Nonostante il poco pubblico che, a detta della stampa locale, assiste alle due conferenze il nome di
Salvemini rimane, almeno in certi ambienti faentini, un nome importante poiché nelle sue Note
Faentine pubblicate nel 1974 il professor Giovanni Cattani che a metà degli anni sessanta
assegnava come compito delle vacanze ai suoi alunni di terza Liceo scientifico la lettura delle
Memorie di un fuoruscito e che 1973 organizzava a Faenza il Convegno di Studi su Gaetano
Salvemini scrive:
Scolaro delle scuole elementari, per le feste di Natale e di Pasqua ricevevo in regalo da una mia zia materna un libro,
che mi sceglievo [...] vidi, uno dei primi anni che mi recavo a scegliere il libro del regalo, una storia della Rivoluzione
francese di un certo Gaetano Salvemini.
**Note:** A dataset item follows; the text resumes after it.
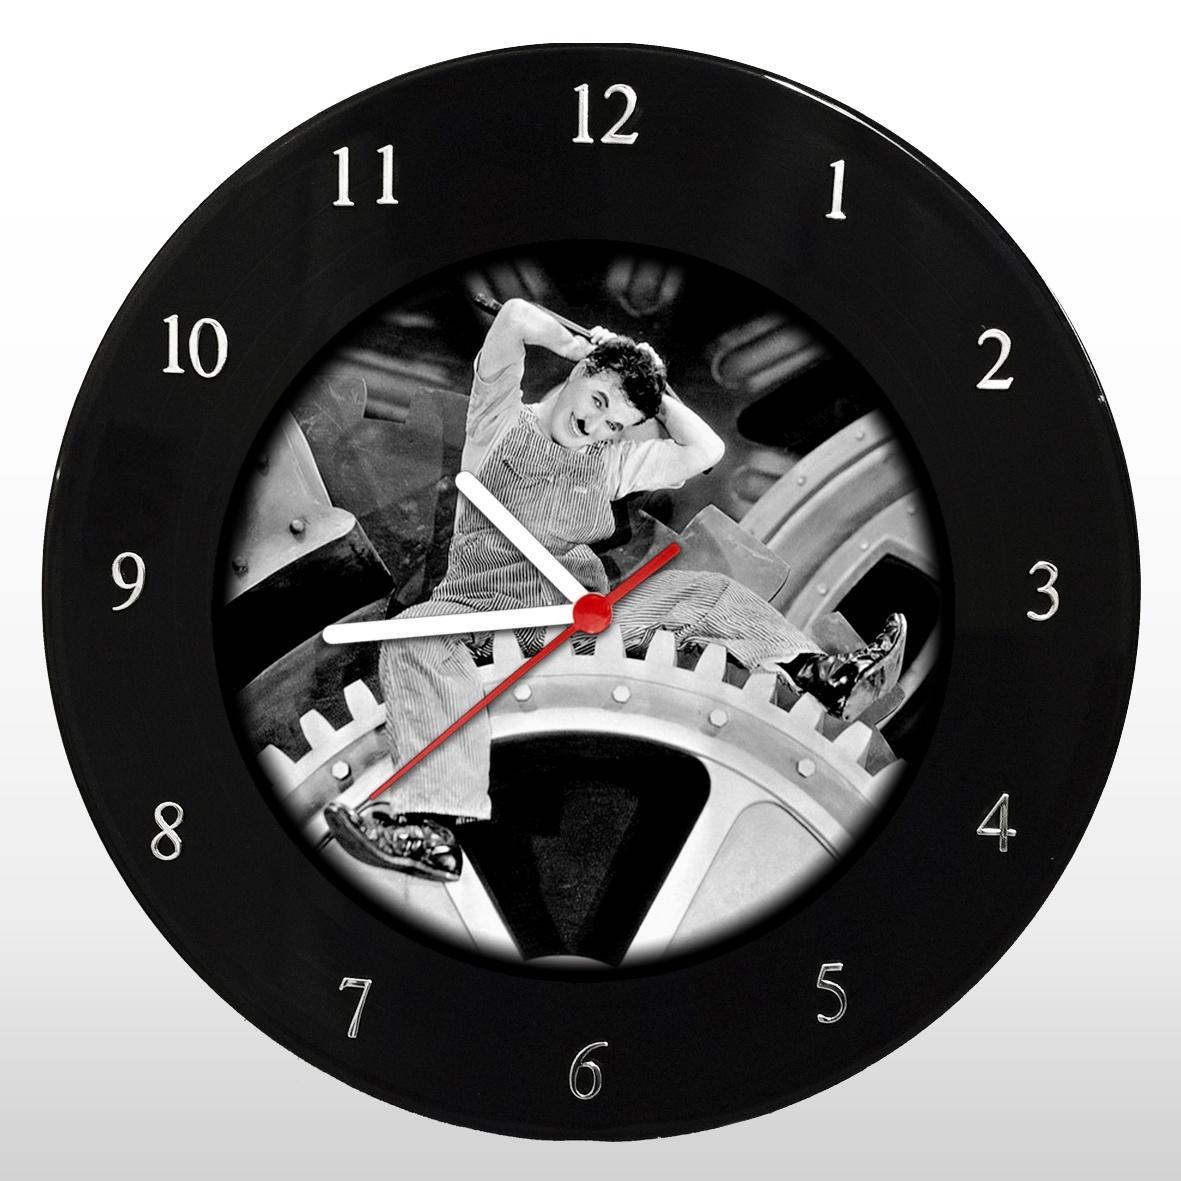 Charles Chaplin - Relógio de Parede em Disco de Vinil - Mr. Rock

La cartolaia-libraia, ch'era donna dal fare e dal dire autorevole verso gli
sprovveduti acquirenti [...] mi ricordo che presentò il libro così: «Certamente non è adeguato all'età, ma Salvemini è
Salvemini». Era un giudizio di lode, che doveva provenire (me ne resi conto anni dopo), come tutto ciò che usciva di
culturale dalla bocca della signora, da qualcuno dei frequentatori che godeva della sua stima. Penso si fosse attorno al
1925 e i libri di autori antifascisti come Salvemini, specie di argomento storico, non erano ancora stati tolti dalla
circolazione. [...] Scelsi un altro libro, ma quel Salvemini che era Salvemini mi rimase stampato in mente per sempre.
Che dovesse diventare poi il nome del maestro per eccellenza , questo allora non potevo sapere.